Soon thereafter, in December 2010, filmmaker and film advocate Scott Grover began one in Monterey, California, in partnership with The Alternative Cafe.

Also in 2010, film and TV producers Fhay Arceo and Allison Davis approached CS with the idea of starting a chapter in San Francisco. The San Francisco edition began in October of the same year, and took place at the Gray Area Foundation for the Arts (GAFFTA) in the city's Tenderloin District. They launched with feature horror film Grace by director Paul Solet, and implemented a strong slate of diverse programming, with a focus on developing a social atmosphere.Arceo and Davis were joined in November 2010 by a third co-director, television producer Kate Sullivan Green.
== Programming ==

Cinema Speakeasy makes a stated effort to show independent film, which they define as auteur-driven, edgy and non-corporate. Some of the programs they developed include:

- Film Workshops: Short and feature film workshops of unfinished films
- Feature screenings: Curated features program, pulling from regional film festival programming and submitted films
- Shorts screenings: Curated theme-based shorts programs
- Educational programs and workshops: One on ones with film producers, showcases, panels and hands-on workshops on things that sometimes have nothing to do with film.
- Drink-Alongs: Showing films that evoke Gen X nostalgia, with drinking games.
- Special Programs: Larger events featuring curated film programs, such as 2009's 'transploitation film festival', Ultra Fabulous Beyond Drag (curated by Austin Young and Saskia Wilson-Brown)

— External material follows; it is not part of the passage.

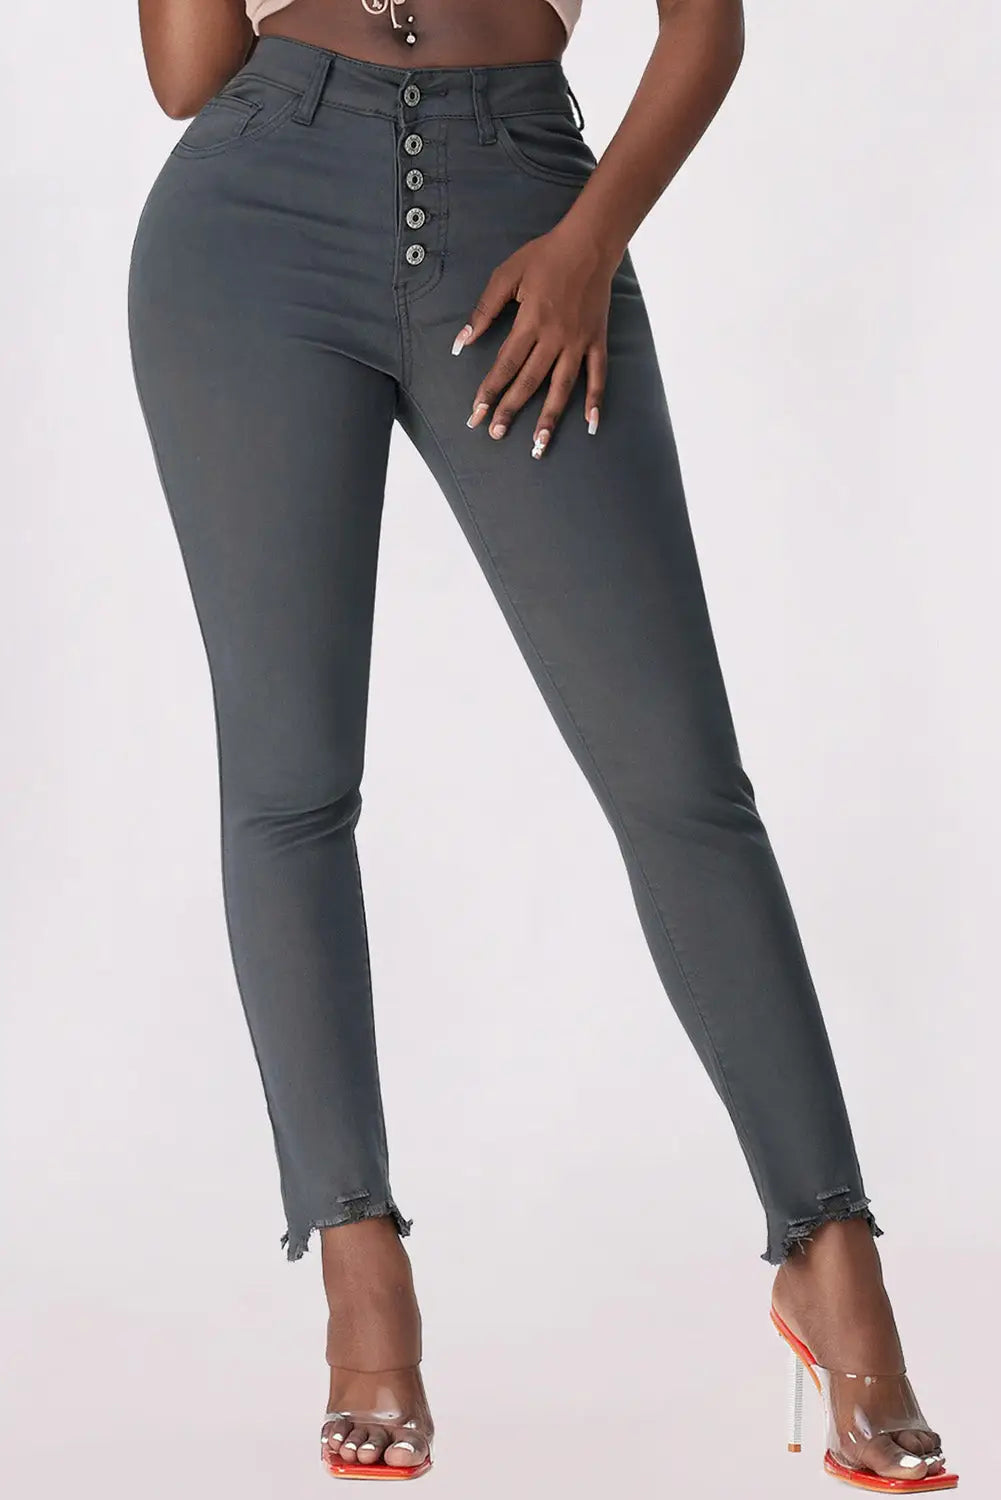 Green plain high waist buttons frayed cropped denim jeans - gray / 4 98% cotton + 2% elastane

They regularly partnered with local film and arts groups in their communities, as Cinema Speakeasy Los Angeles did with Machine Project and Kernspiracy for the Potato Type Ransom Note Workshop event, in December 2010. Additional partners include such film organizations as CINEFIST, Film Courage, WorkBook Project (for the 'One Hundred Mornings' screenings as part of the WorkBook Project Discovery and Distribution Award in 2010), and Slamdance Film Festival, Wholphin, and others.

Cinema Speakeasy stopped programming in 2011. Founder Saskia Wilson-Brown went on to start the Institute for Art and Olfaction.

== Design ==

Cinema Speakeasy logos, designed by Micah Hahn, 2010

Cinema Speakeasy's original logo was designed by San Francisco–based motion graphics and graphic designer Timothy Palmer. The original logo was a visual nod to the idea of a secret door (the speakeasy in 'Cinema Speakeasy').

In May 2010, For the organization's one-year anniversary, Cinema Speakeasy commissioned broadcast and typography designer Micah Hahn to design a new logo, as well as a 30-second introductory animation. The new logo was intended to reflect the ethos of the organization, and serves as a visual representation of Cinema Speakeasy's film-centric philosophy. Designed as an adaptable template, it can easily be amended on a monthly basis to showcase film stills from current programming. It also allowed the individual chapters of Cinema Speakeasy to tailor the visual identity of the organization to their communities - while still retaining a consistency, overall.